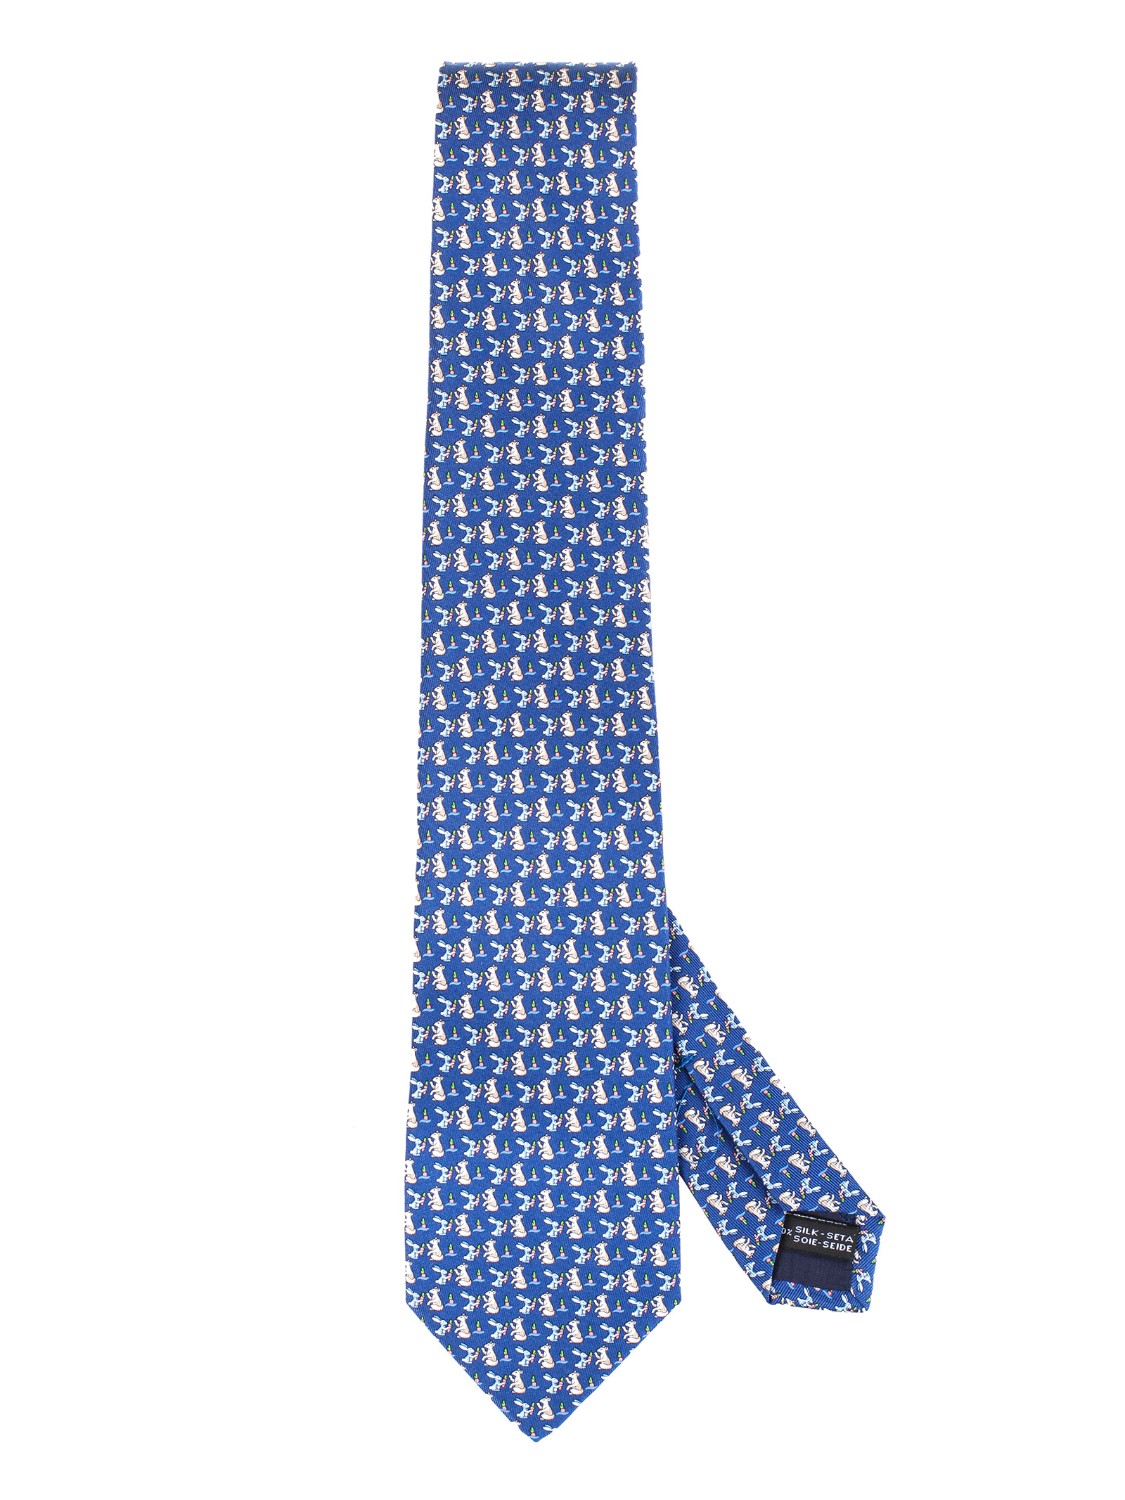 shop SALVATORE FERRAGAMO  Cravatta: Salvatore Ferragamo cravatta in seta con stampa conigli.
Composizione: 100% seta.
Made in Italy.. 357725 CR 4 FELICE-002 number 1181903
--
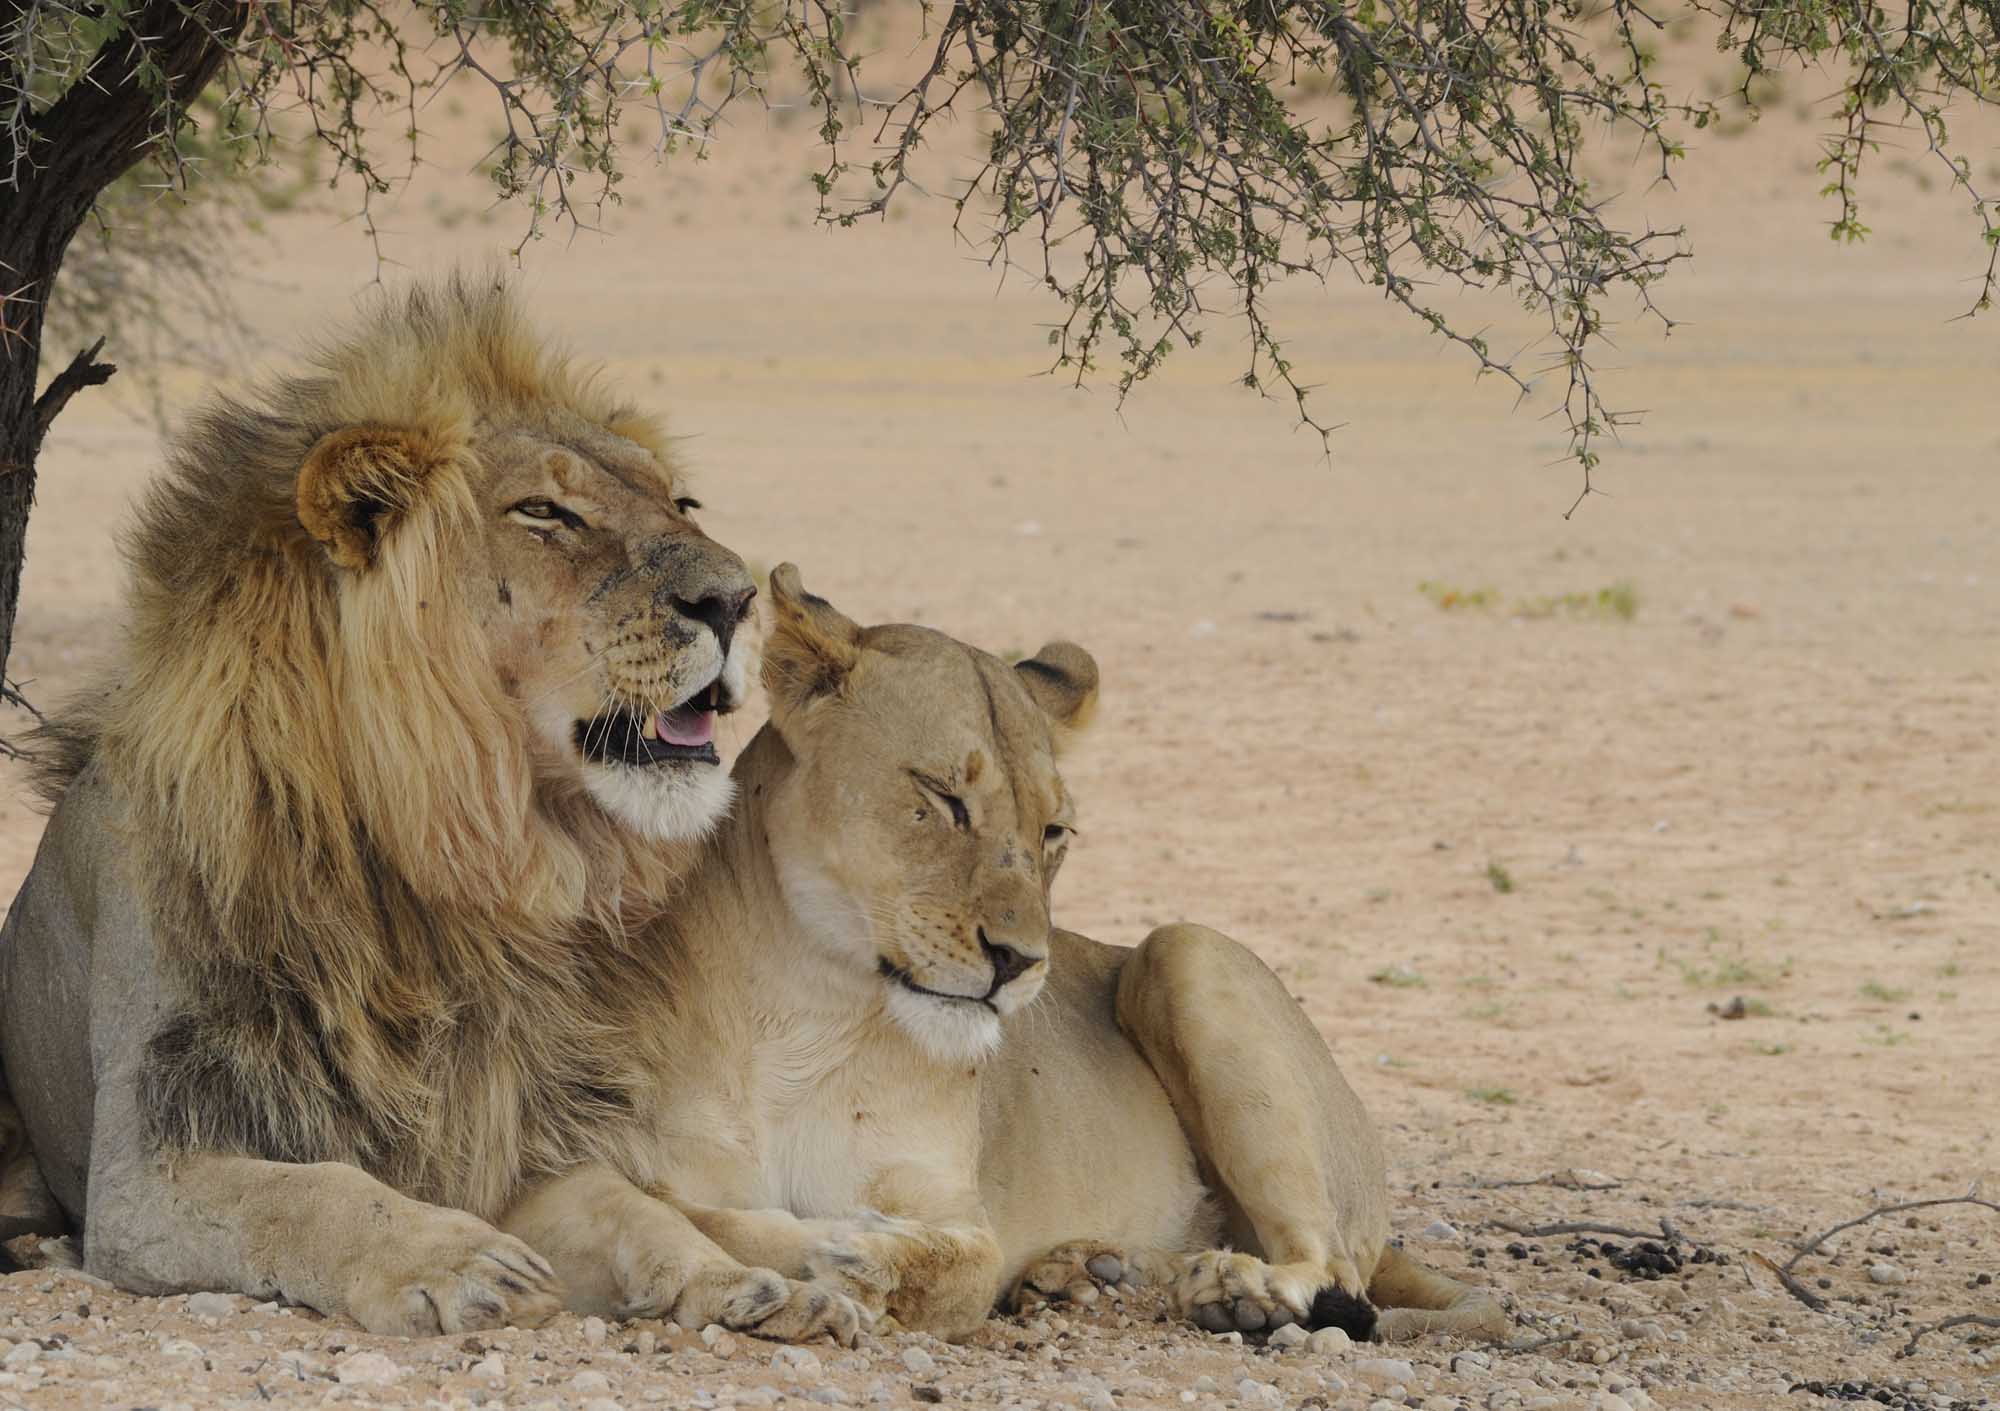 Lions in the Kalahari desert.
...
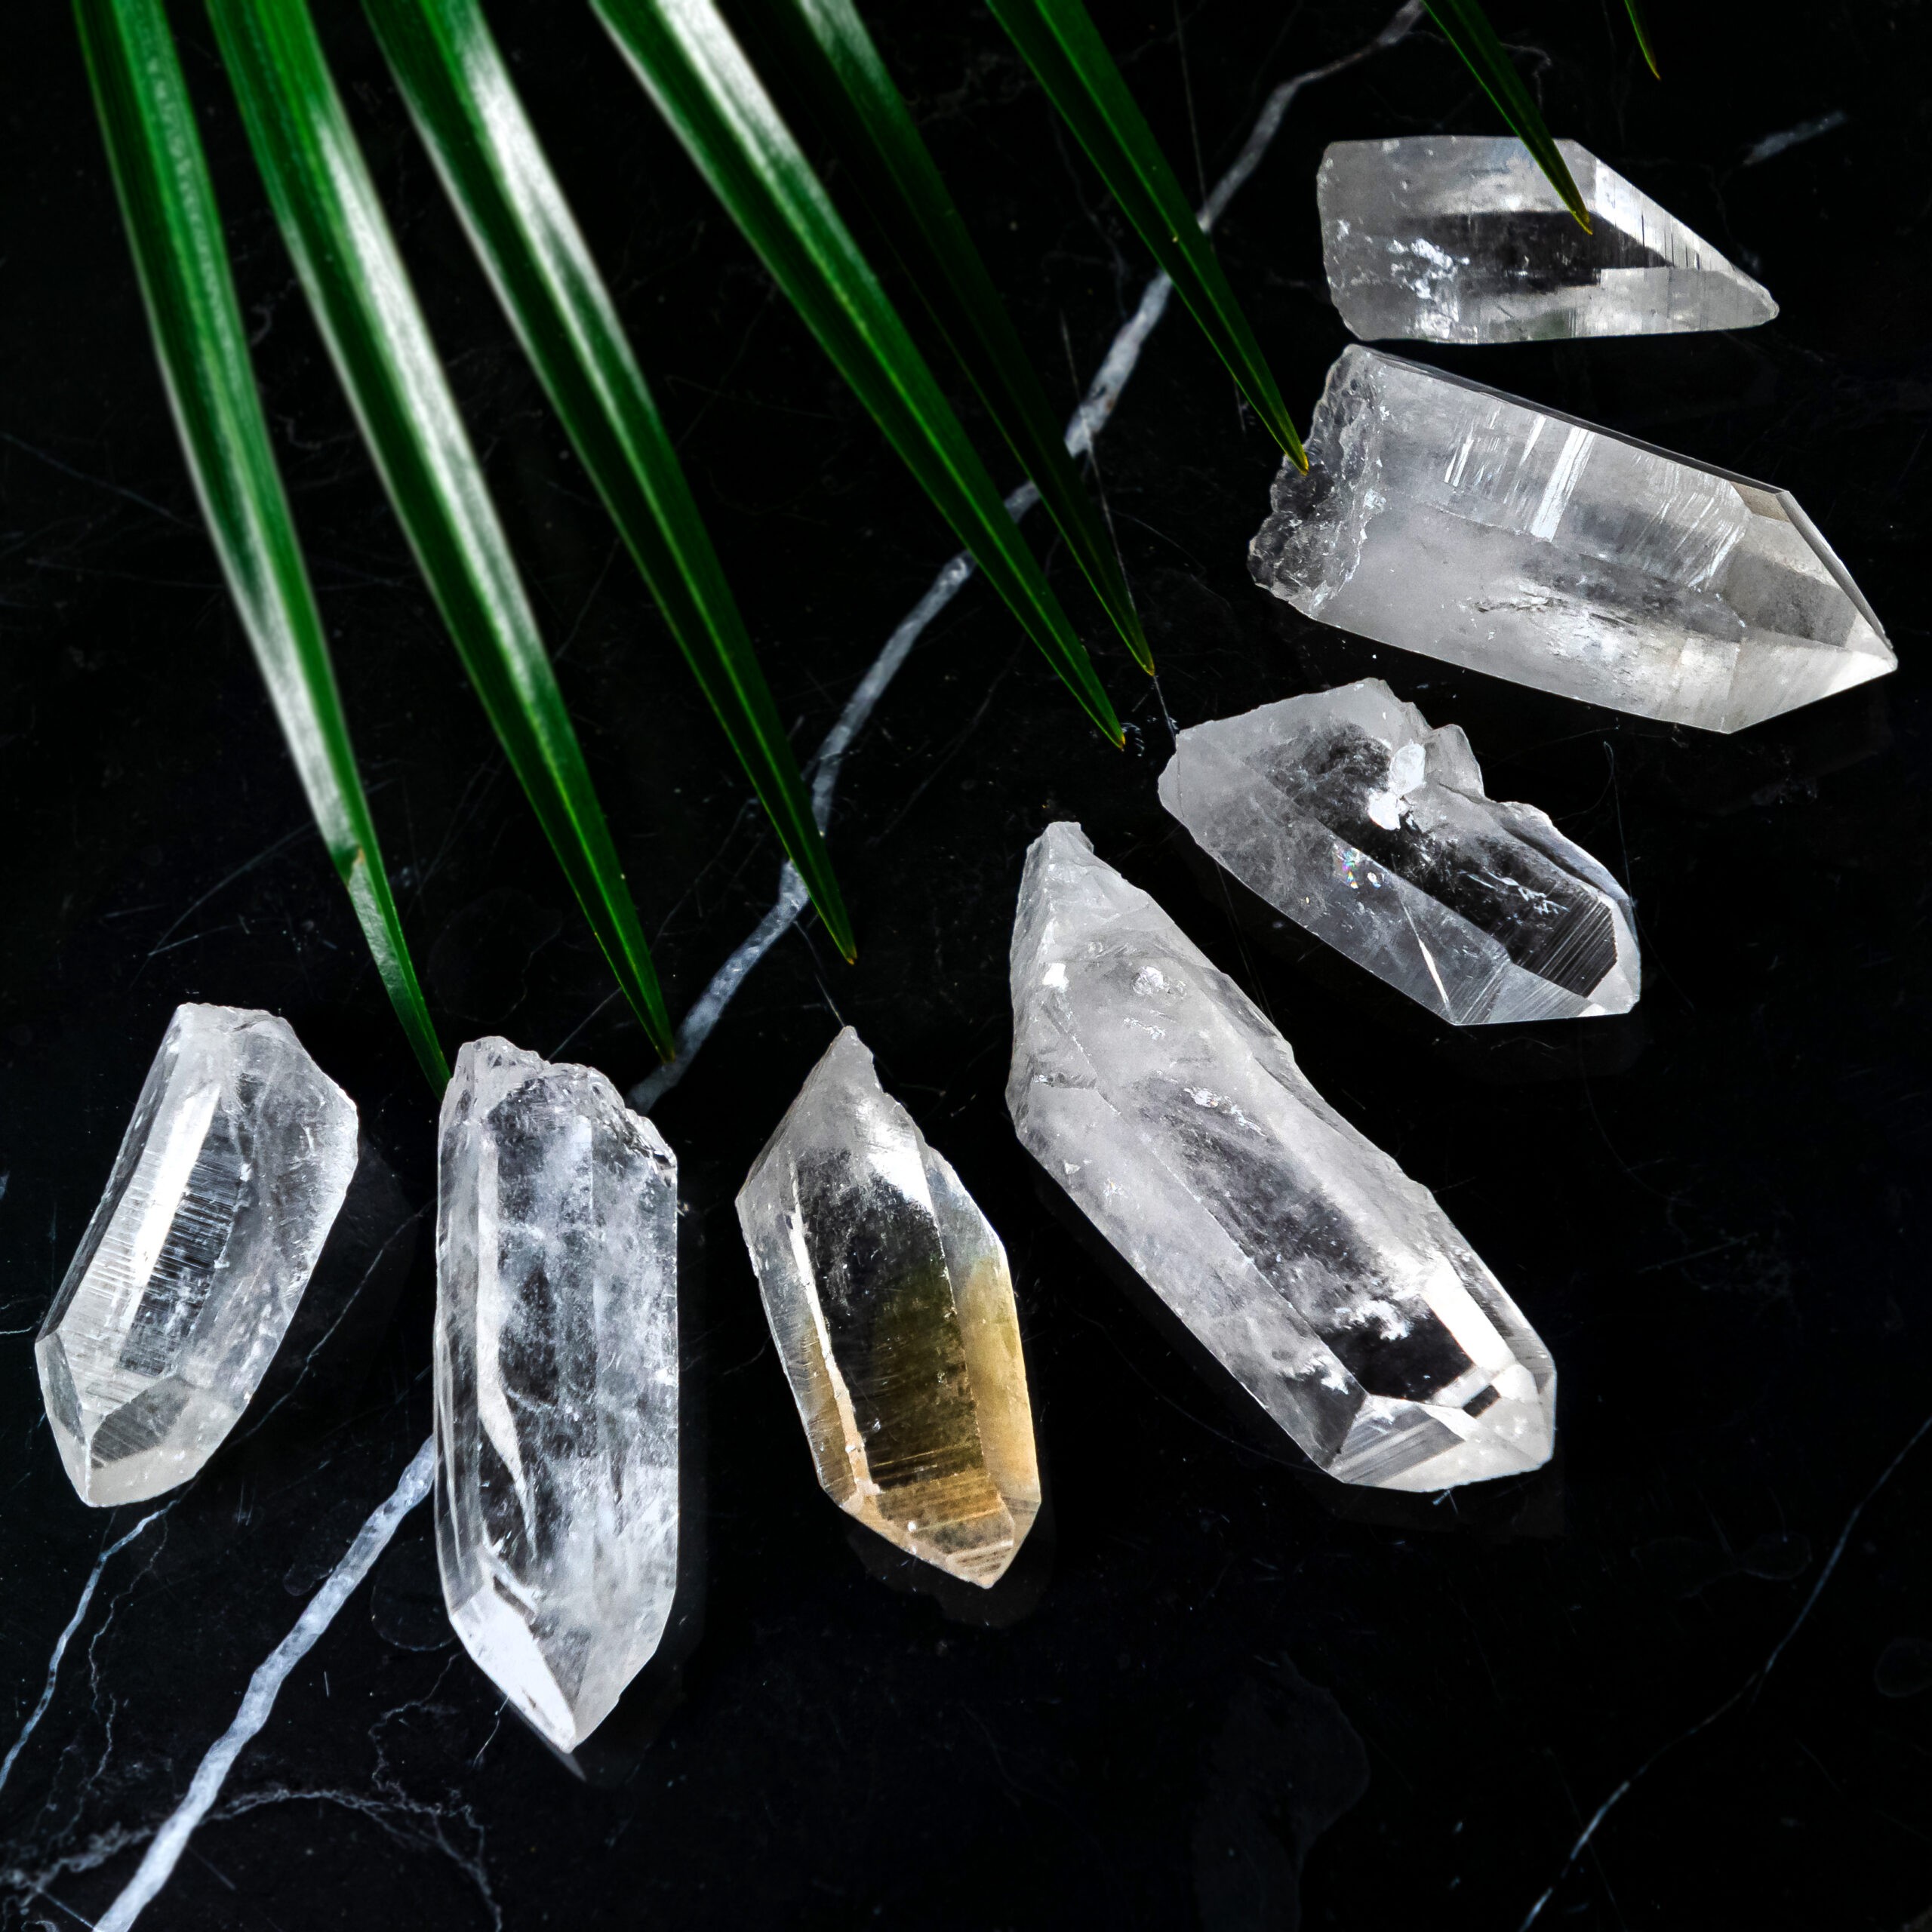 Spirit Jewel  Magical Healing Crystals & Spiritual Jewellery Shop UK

**PROBLEM:**
Both the line above containing "shop SALVATORE FERRAGAMO" and the line containing "Made in Italy.." belong in the copy, along with every line between them; print these exactly and omit the pictures.

**RESULT OF THE EXERCISE:**
 shop SALVATORE FERRAGAMO  Cravatta: Salvatore Ferragamo cravatta in seta con stampa conigli.
Composizione: 100% seta.
Made in Italy.. 357725 CR 4 FELICE-002 number 1181903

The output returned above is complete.